Он слушал эту мертвенно-красивую проповедь, и презрение, на которое он так настраивался, постепенно испарилось, сменившись чем-то иным — тяжелым, почти тошнотворным... сочувствием. Он смотрел на фигуру, залитую жестоким светом, и видел не гения, а безупречный, до блеска отполированный футляр, который так долго притворялся инструментом, что забыл, что внутри него пусто.
И в этот самый момент, на пике самого сложного, невозможного арпеджио, в этой стерильной, совершенной вселенной... прозвучала фальшь.
Это была не просто неверная нота. Это был микроскопический, почти неуловимый для простого уха, но оглушительный, как взрыв, для Юки — сбой. Словно в безупречном, идеально ограненном алмазе мелькнула грязная трещина. Вся выверенная архитектура звука не просто сломалась — она рассыпалась в пыль. И в эту образовавшуюся рану хлынула тишина.
Но это была не та благословенная, пыльная, живая тишина, что царила в святилище Юки. Это была оглушающая, насильственная, вакуумная пустота, которая с силой всосала в себя все звуки, оставив зал в состоянии оглушенного, парализованного шока. Оркестр замер, смычки повисли в воздухе, словно сломанные крылья.
Там, внизу, под перекрестьем софитов, стоял он.

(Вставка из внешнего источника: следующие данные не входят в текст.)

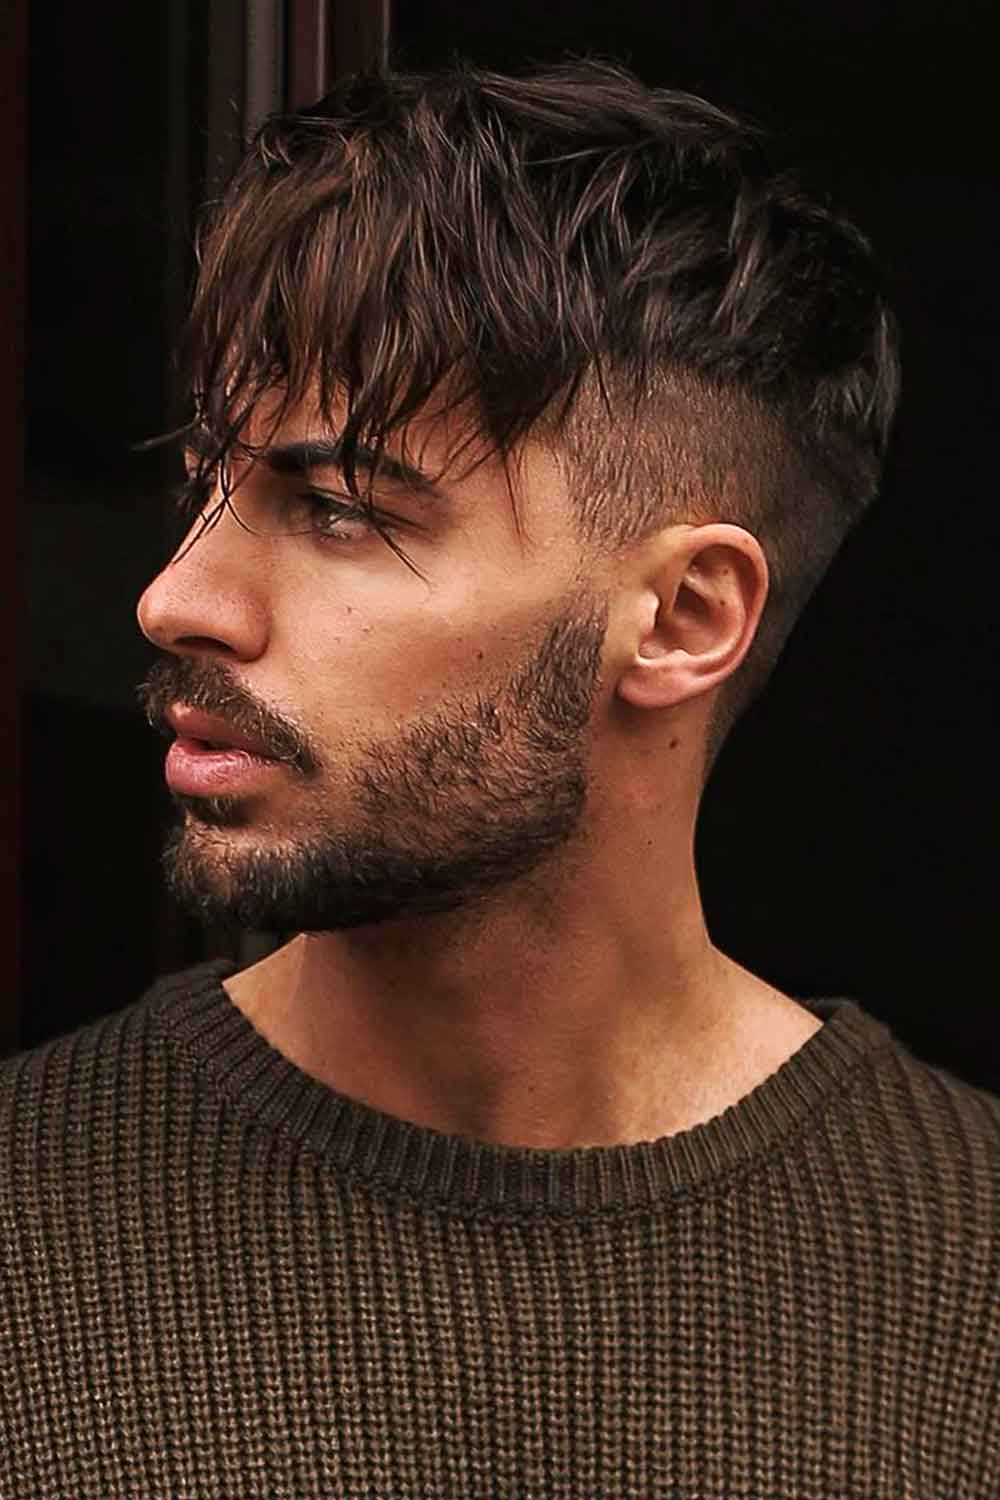 Haircut Names For Men: Types of Haircuts (The Complete Guide) | Haircut  names for men, Mens hairstyles pompadour, Pompadour hairstyle

Свет, который до этого момента был его ореолом, его пьедесталом, в одно мгновение превратился в его тюремщика, в безжалостного следователя, в столб раскаленного воздуха, пригвоздивший его к сцене. Он опустил скрипку. Он стоял неподвижно, но Юки сверху, из своего темного укрытия, видел, как мелко, неконтролируемо дрожат его плечи. То бремя, которое было его метафорой, его философией, его броней, вдруг обрело физическую, невыносимую, сокрушающую тяжесть. Тот асептический вакуум, в котором он привык жить, схлопнулся, превратившись в свинцовый блок, который давил на легкие, выталкивая воздух.
Он не мог дышать.
Он стоял и молча задыхался под этим безжалостным светом, перед этими оцепеневшими от ужаса людьми, и его безупречная, платиновая маска гения начала крошиться, как старая штукатурка, обнажая под собой... нечто первобытное, паническое, отчаянно ищущее тени.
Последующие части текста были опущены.